School has started, October is right around the corner, leaves will be changing colors, and sure enough, FMCSA’s plans for raising the minimum bond level for brokers and freight forwarders will take effect on Oct. 1. That’s right. As of Oct. 1, the bond level for brokers and freight forwarders will be raised from its current level of $10,000 to $75,000—and even I have been asked several questions regarding this issue by brokers and carriers alike in the weeks leading up to the compliance date.
As such, with any legislative or regulatory rulemaking, the challenge has been set. As brokers, freight forwarders and carriers with a brokerage division get set to comply with the $75,000 bond, an association representing smaller brokers and agents has filed suit to protect the bond as it currently stands and maintain a market status quo on the current broker bond level. As the trucking industry knows too well, waiting on a decision from the Court of Appeals is a fruitless endeavor, as we experienced with our very own hours-of-service litigation. In fact, the compliance date on the new HOS provisions came and went before the court even issued its decision, so perhaps it would behoove the brokers and freight forwarders to prepare for the new bond bill to proceed as written.

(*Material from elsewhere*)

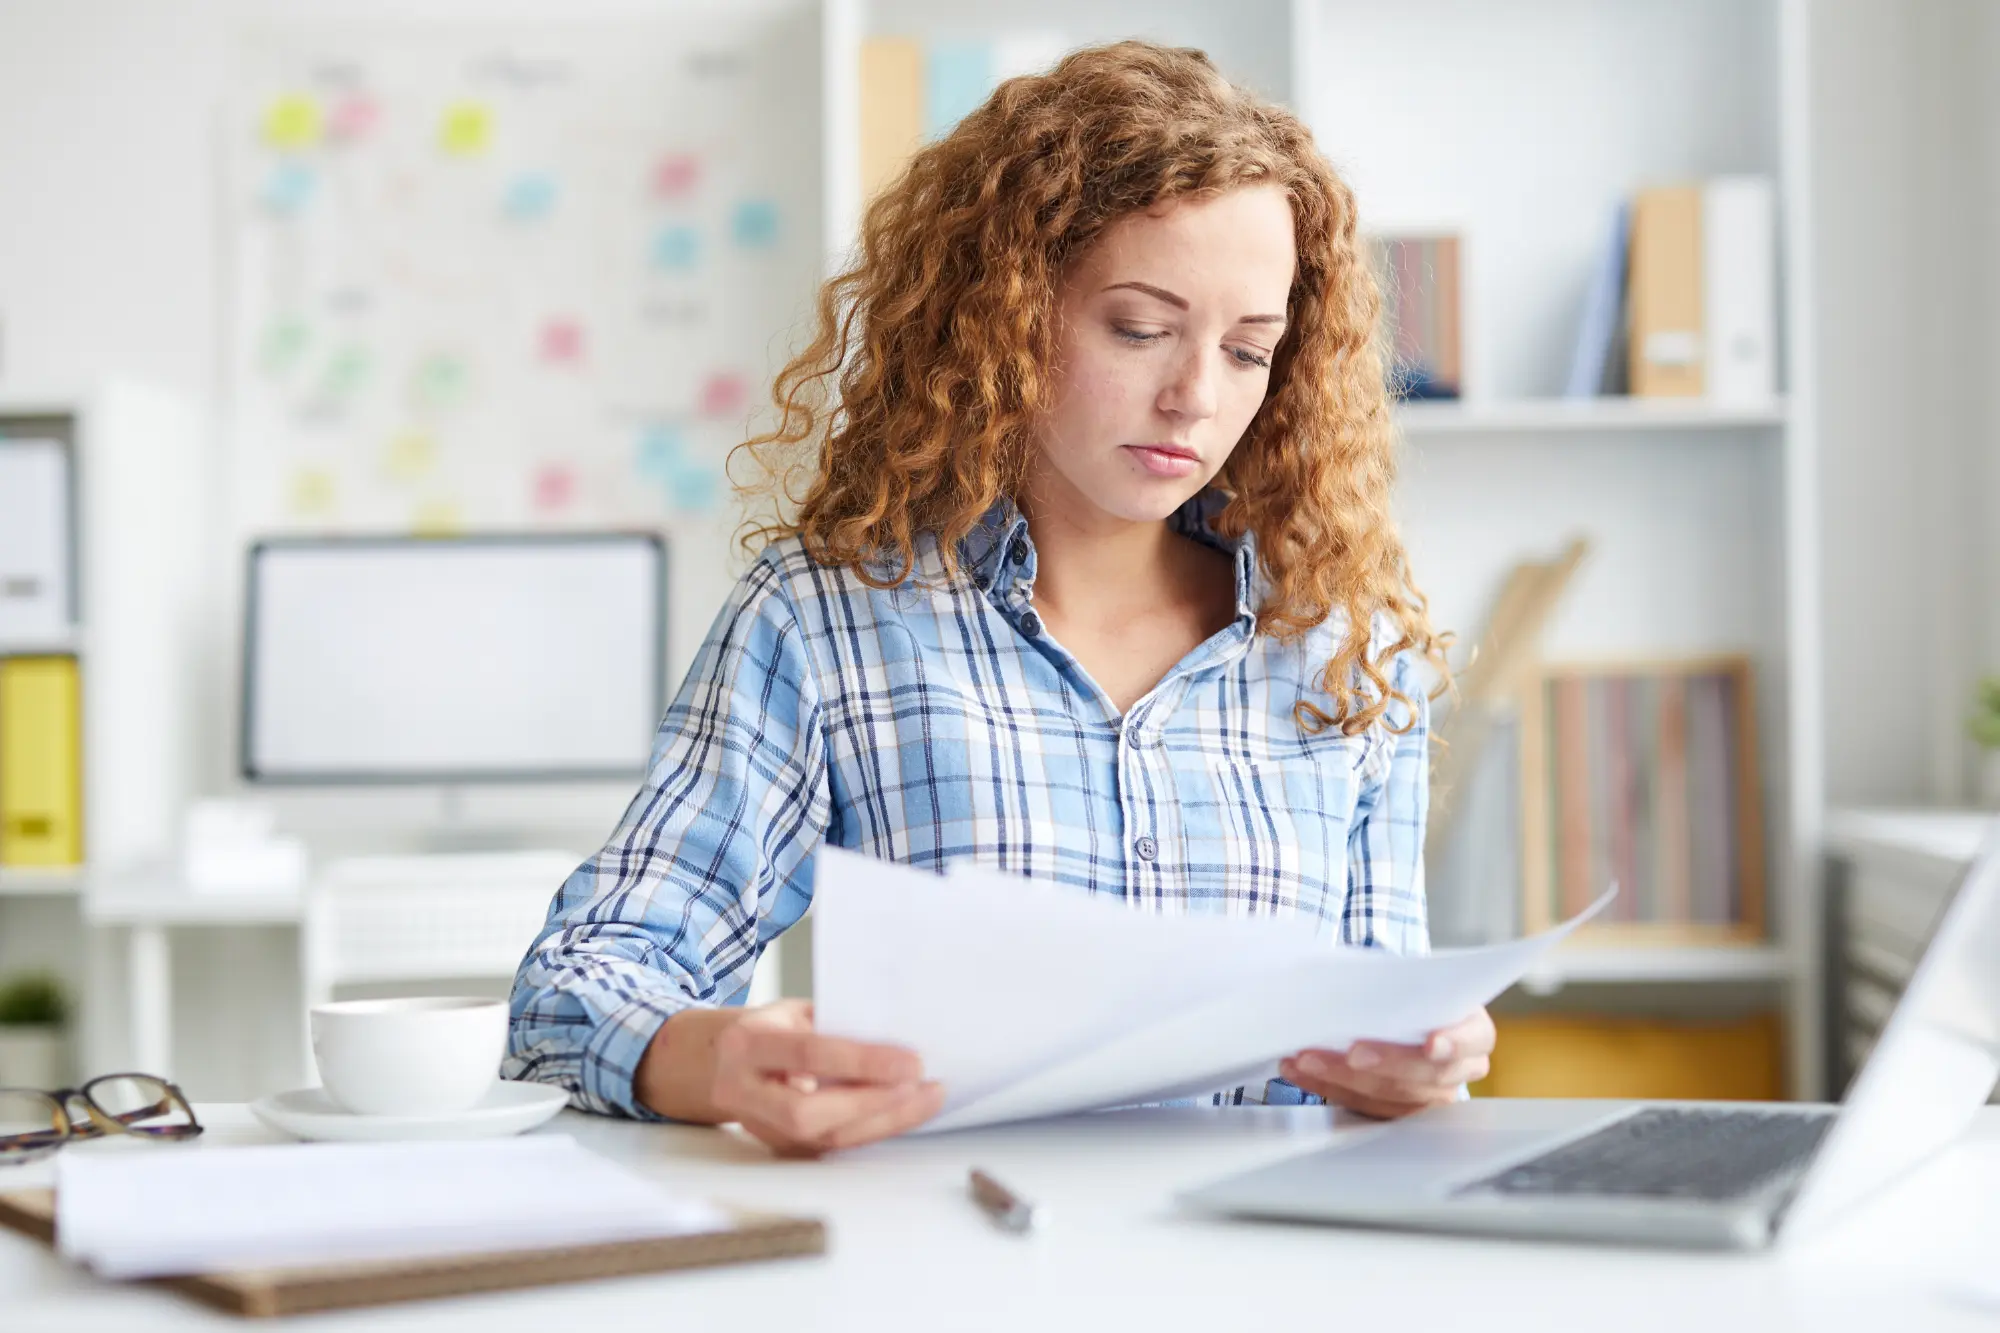 Prepare your financial documents before applying for a mortgage as self-employed applicant

This piece of legislation is about financial responsibility. It’s about protecting the folks who have actually done the work and allowing them to be paid for their services. And it’s about the prevention of fraud. Unfortunately, the broker industry does have those proverbial bad apples that seem to leave lasting effects on the rest of the industry—and trucking knows something about that.
Legislative and regulatory platforms have often been built around the actions of a few bad apples. CSA was developed to weed out the bad apples and get them to leave the industry. In fact, many of the rules today were designed to combat the people who look for ways to get around the rules. Unfortunately, safe, responsible and compliant carriers that take active leadership roles to promote safety at the state and federal levels are the casualties of the regulations needed to rid the industry of those bad apples. These carriers have had to change the way they perform their daily business as a direct result of CSA.
As an industry comprised almost entirely of small businesses, trucking is all too familiar with that very principle. Certainly, there are big players out there in the industry, but the majority of motor carriers operating on today’s highways are small businesses whose lives are also affected when a broker fails to make due on what is promised to them. In our association, our members, large and small, band together to represent the industry with one voice in an effort to produce mandates that level the playing field for all. In other words, instead of filing a lawsuit against an increase in broker bonds or trying to stop the initiative with an injunction, perhaps policing your own may be the best way to go.
Large and small brokers that work together to stop the bad apples from proliferating might actually go farther than trying to stop a mandate that would aid in that fight and thus create a level playing field for all broker and freight forwarders in the business.